Johan Lind
Johan Lind

There are many suggestions in the animal cognition literature of similarities between the mental capacities of humans and other animals, for example in terms of planning, imitation and reasoning. In this line of research, the power of associative learning for producing flexible behaviour in non-human animals has been downplayed, or ignored. Interestingly, within artificial intelligence research associative learning has been shown capable of beating humans in chess. Thus associative learning can be capable of producing flexible behavior. One specific phenomenon in which associative learning often is ruled out as an explanation for animal behaviour is flexible planning. However, planning studies have been criticized and questions have been raised regarding both methodological validity and interpretations of results. Here, I explored what associative learning can do for planning. A previously published sequence learning model which combines Pavlovian and instrumental conditioning was used to simulate two planning studies, namely Mulcahy & Call 2006 ‘Apes save tools for future use.’ Science 312, 1038–1040 and Kabadayi & Osvath 2017 ‘Ravens parallel great apes in flexible planning for tool-use and bartering.’ Science 357, 202–204. Simulations show that behavior matching current definitions of flexible planning can emerge through associative learning.
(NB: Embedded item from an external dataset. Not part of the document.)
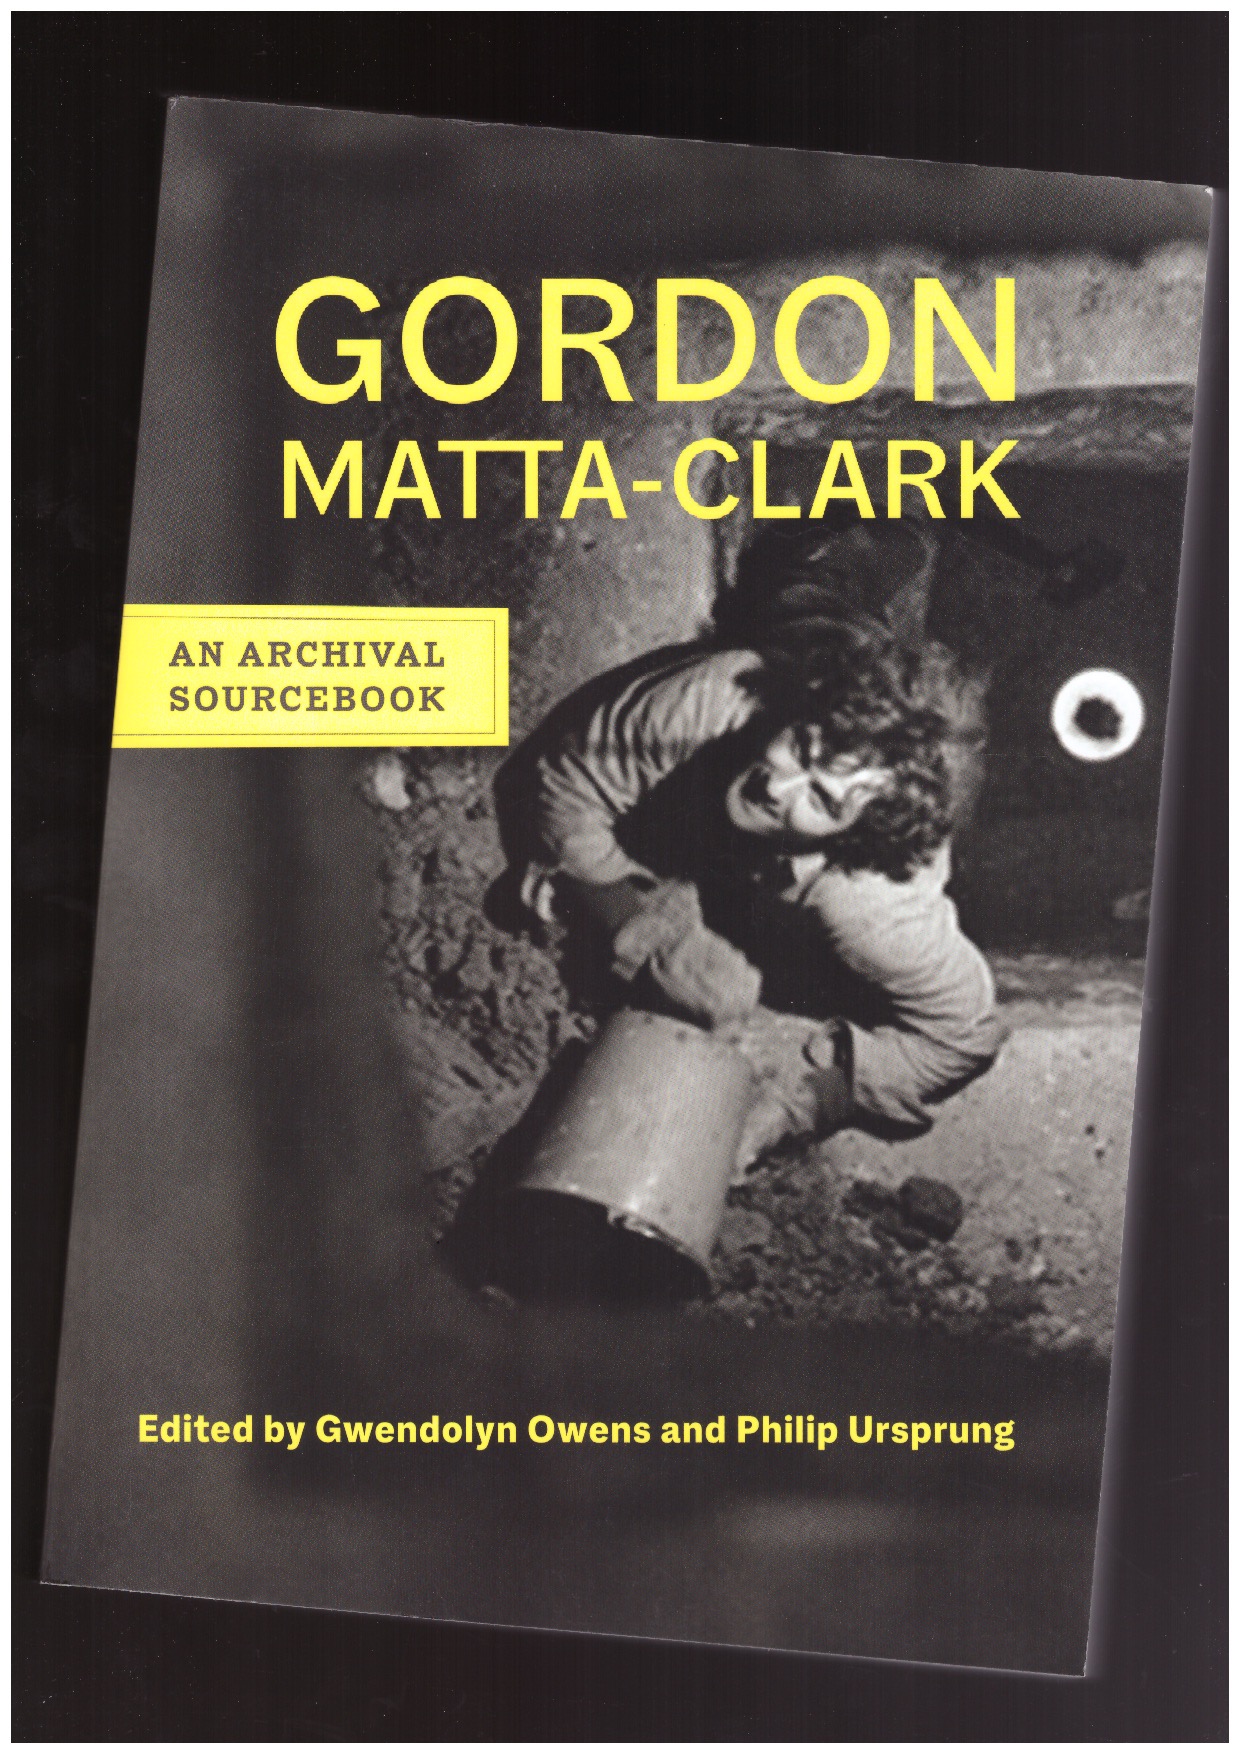 OWENS, Gwendolyn; URSPRUNG, Philip (eds) - Gordon Matta-Clark. An Archival Sourcebook

Through conditioned reinforcement, the learning model gives rise to planning behavior by learning that a behavior towards a current stimulus will produce high value food at a later stage; it can make decisions about future states not within current sensory scope. The simulations tracked key patterns both between and within studies. It is concluded that one cannot rule out that these studies of flexible planning in apes and corvids can be completely accounted for by associative learning. Future empirical studies of flexible planning in non-human animals can benefit from theoretical developments within artificial intelligence and animal learning.